Background: Sodium-glucose cotransporter proteins (SGLT) belong to the SLC5A family, characterized by the cotransport of Na(+) with solute. SGLT1 is responsible for intestinal glucose absorption. Until recently the only role described for SGLT proteins was to transport sugar with Na(+). However, human SGLT3 (hSGLT3) does not transport sugar but causes depolarization of the plasma membrane when expressed in Xenopus oocytes. For this reason SGLT3 was suggested to be a sugar sensor rather than a transporter. Despite 70% amino acid identity between hSGLT3 and hSGLT1, their sugar transport, apparent sugar affinities, and sugar specificity differ greatly. Residue 457 is important for the function of SGLT1 and mutation at this position in hSGLT1 causes glucose-galactose malabsorption. Moreover, the crystal structure of vibrio SGLT reveals that the residue corresponding to 457 interacts directly with the sugar molecule. We thus wondered if this residue could account for some of the functional differences between SGLT1 and SGLT3.

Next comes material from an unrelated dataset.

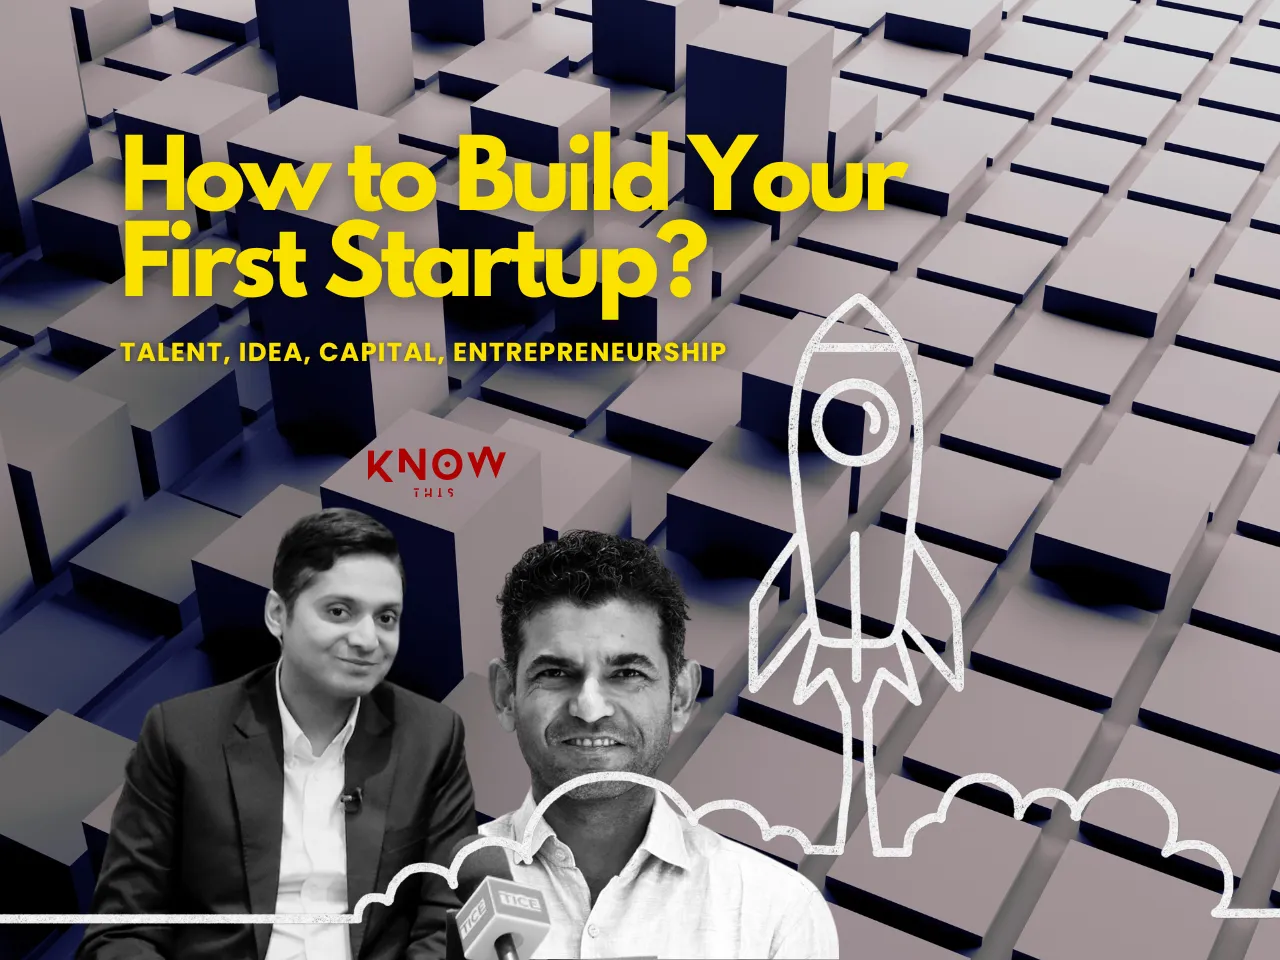 How to Build Your First Startup

Methodology/principal findings: We mutated the glutamate at position 457 in hSGLT3 to glutamine, the amino acid present in all SGLT1 proteins, and characterized the mutant. Surprisingly, we found that E457Q-hSGLT3 transported sugar, had the same stoichiometry as SGLT1, and that the sugar specificity and apparent affinities for most sugars were similar to hSGLT1. We also show that SGLT3 functions as a sugar sensor in a living organism. We expressed hSGLT3 and E457Q-hSGLT3 in C. elegans sensory neurons and found that animals sensed glucose in an hSGLT3-dependent manner.
Conclusions/significance: In summary, we demonstrate that hSGLT3 functions as a sugar sensor in vivo and that mutating a single amino acid converts this sugar sensor into a sugar transporter similar to SGLT1.